RECORDS SHOWN —
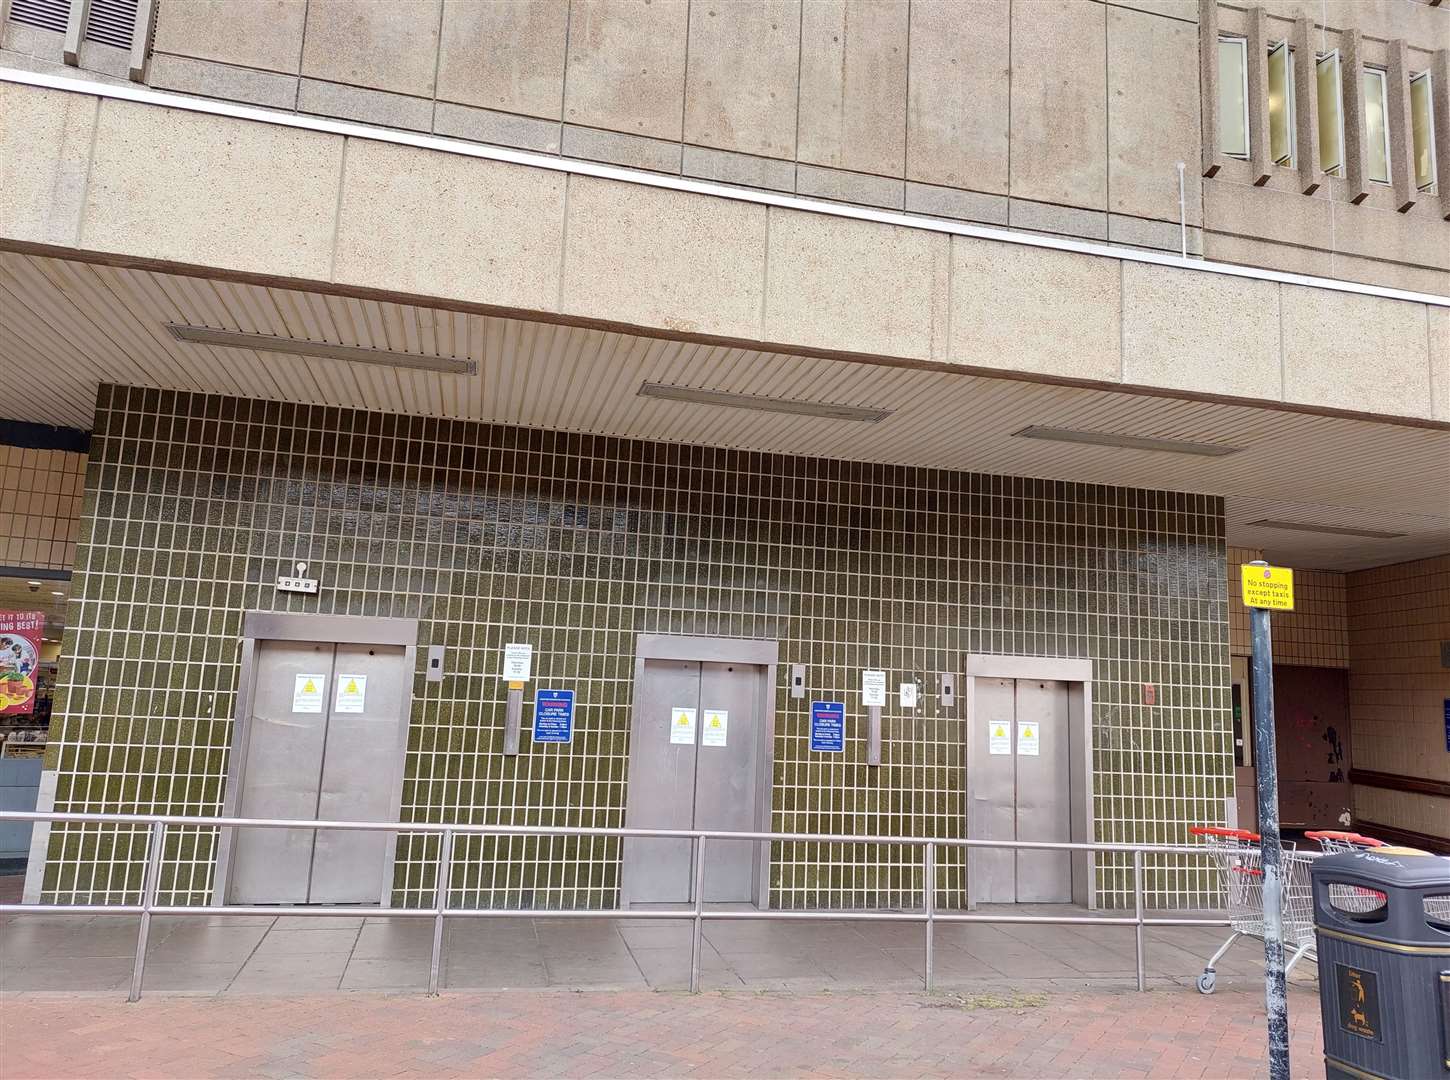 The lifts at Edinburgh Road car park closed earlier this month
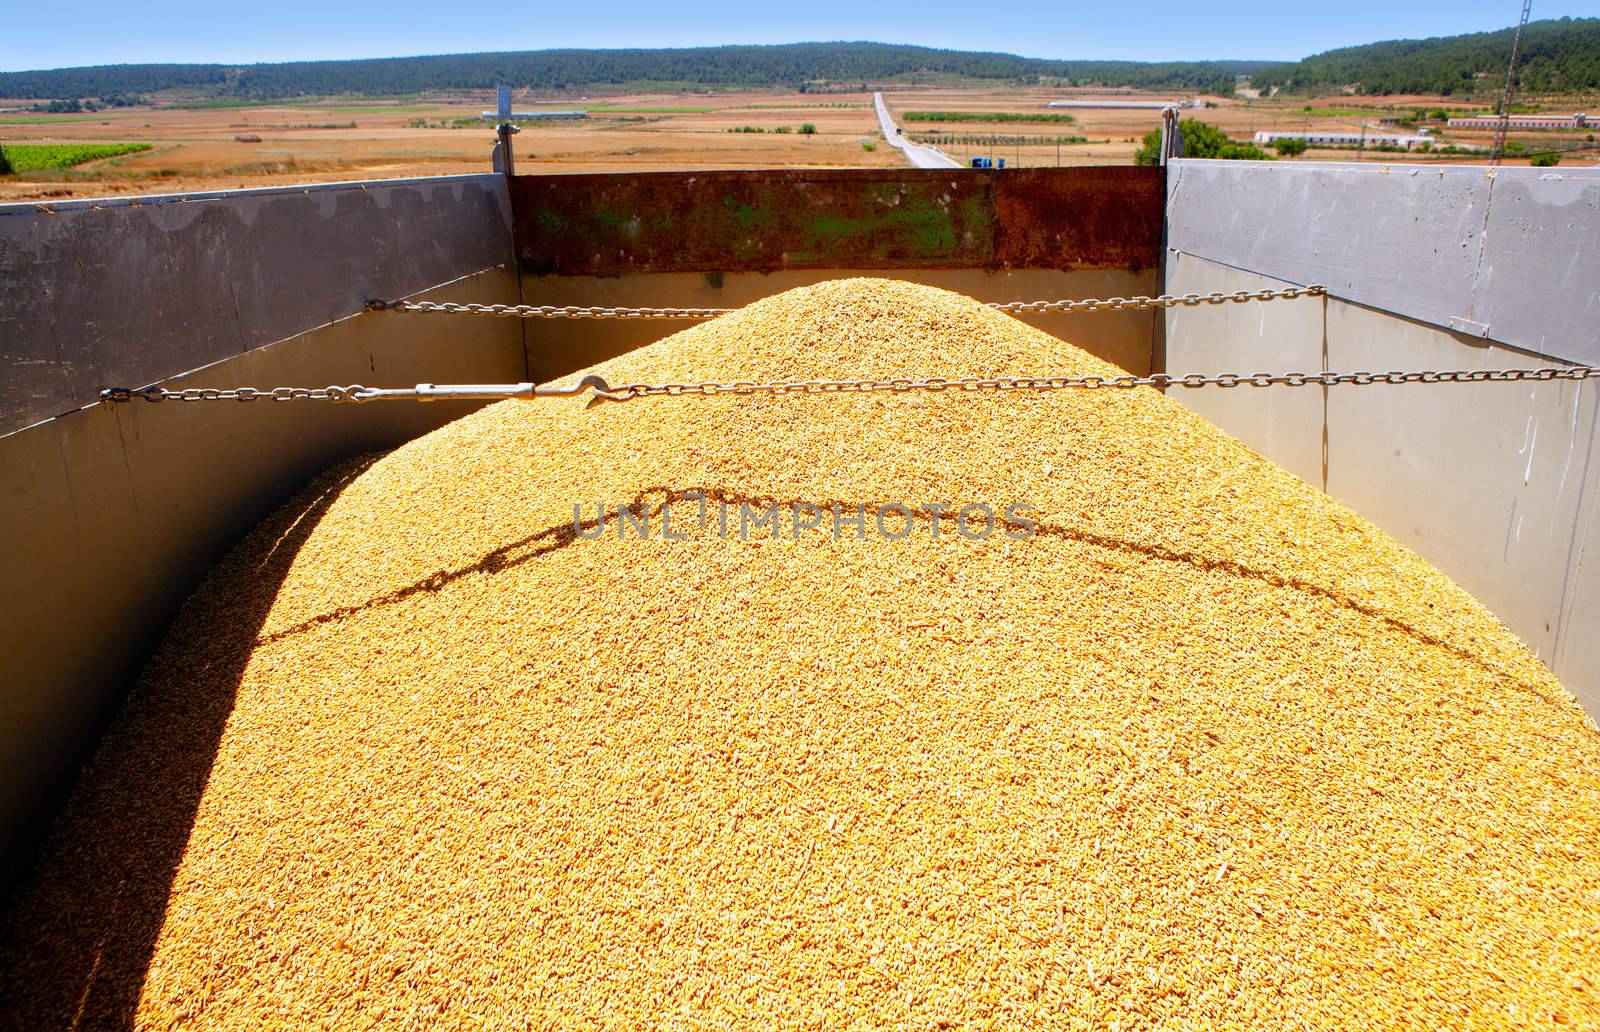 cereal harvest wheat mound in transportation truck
--
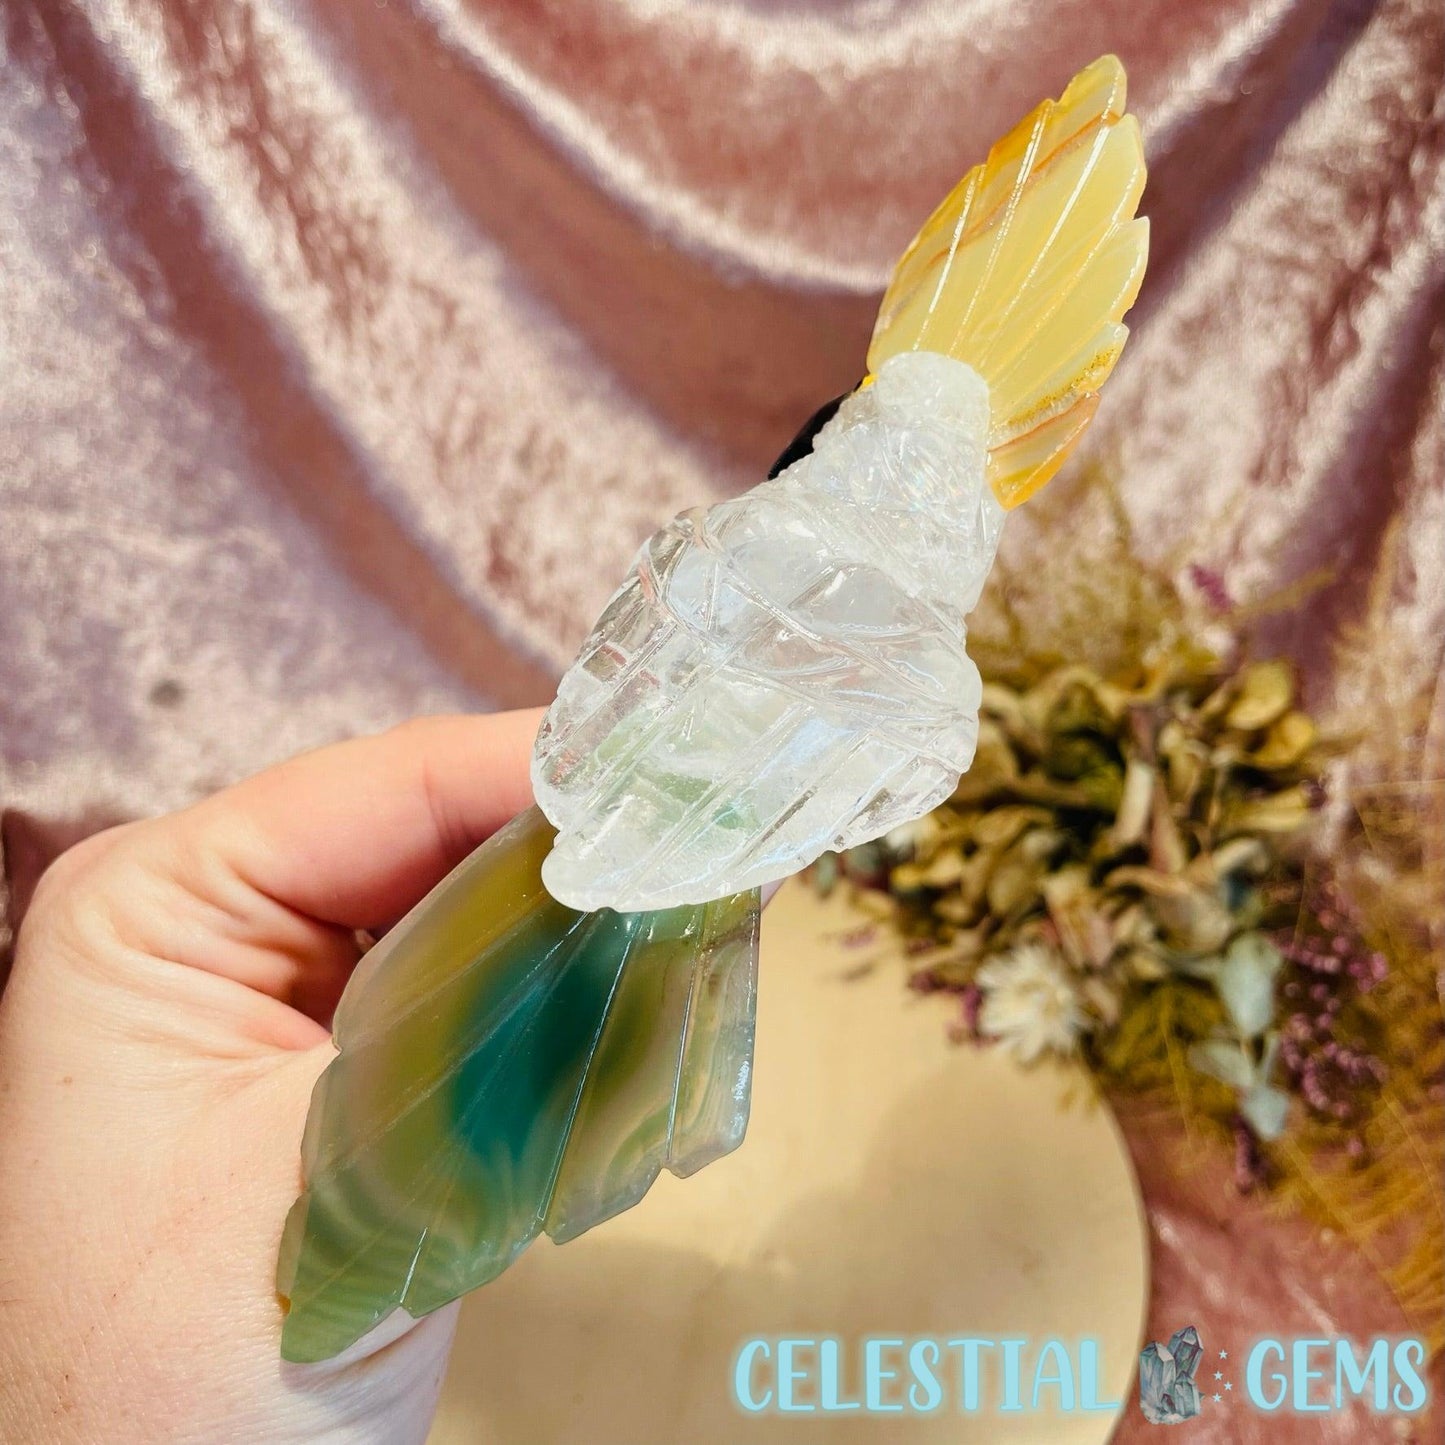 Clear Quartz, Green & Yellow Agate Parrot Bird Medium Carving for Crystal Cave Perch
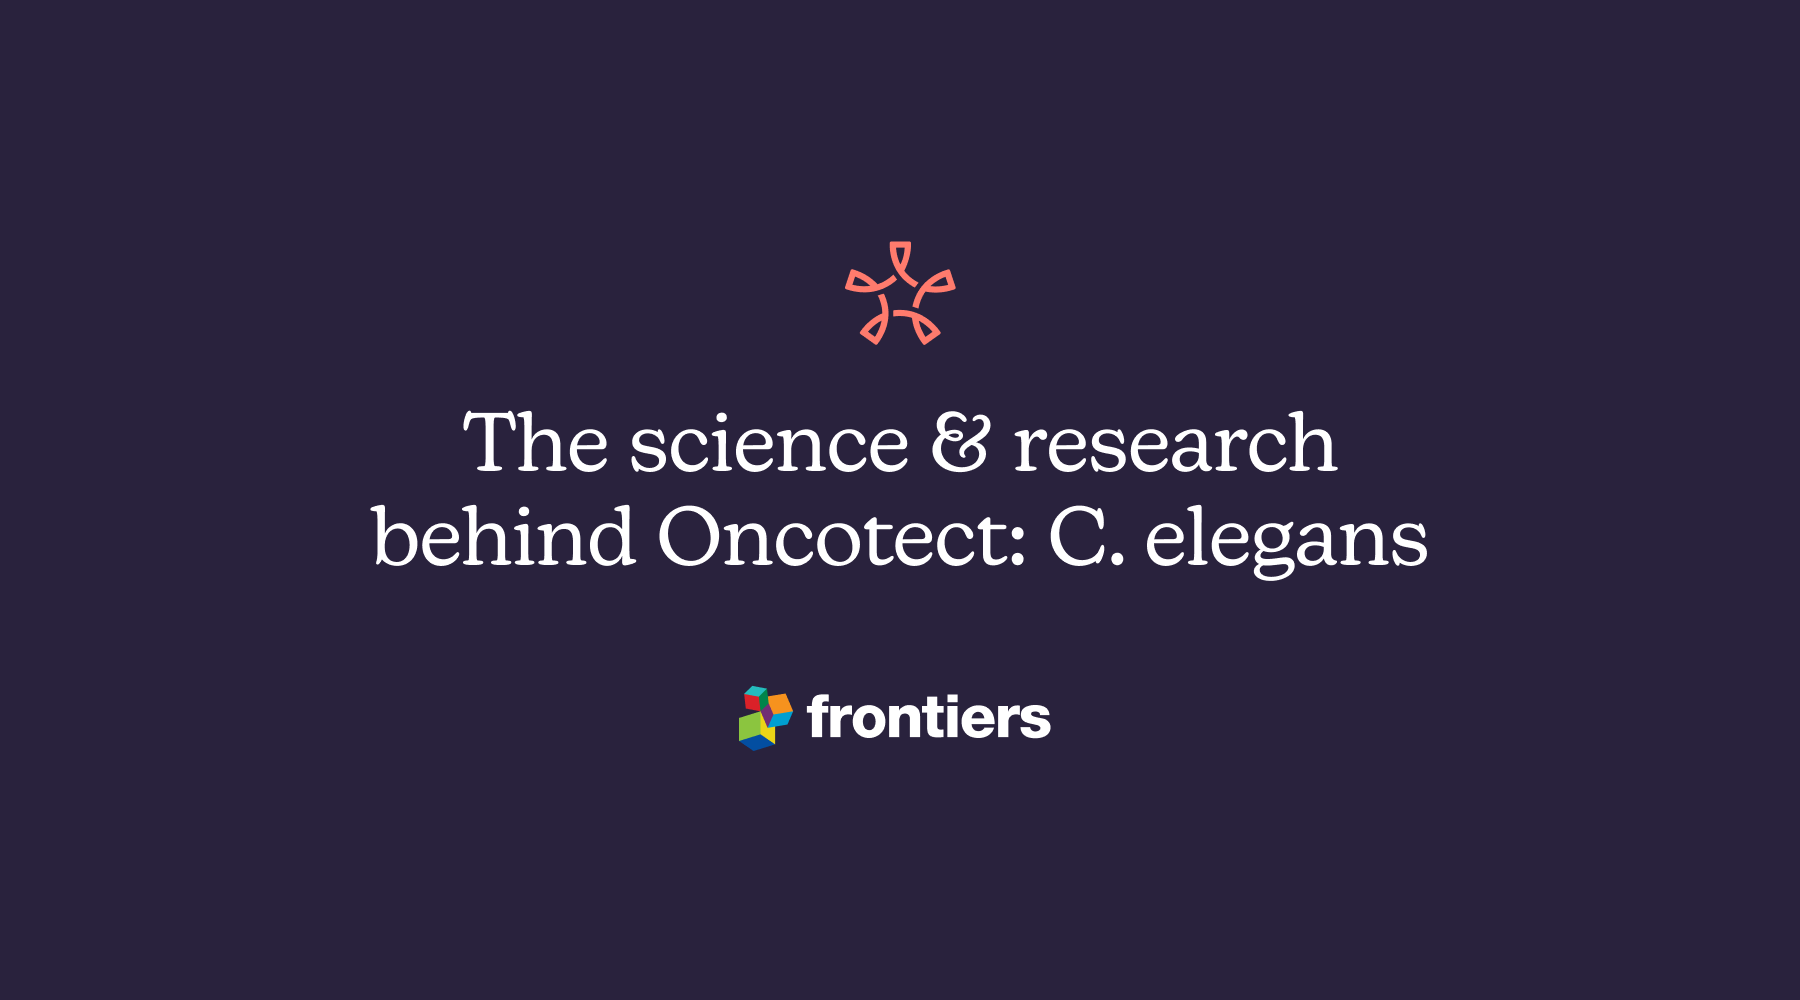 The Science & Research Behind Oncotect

TASK OBJECTIVE — If a picture sits between the line containing "Clear Quartz, Green" and the line containing "The Science & Research Behind Oncotect", leave it out, and return the lines of that range above exactly, both ends included.

SOLVED PROBLEM —
 Clear Quartz, Green & Yellow Agate Parrot Bird Medium Carving for Crystal Cave Perch
 The Science & Research Behind Oncotect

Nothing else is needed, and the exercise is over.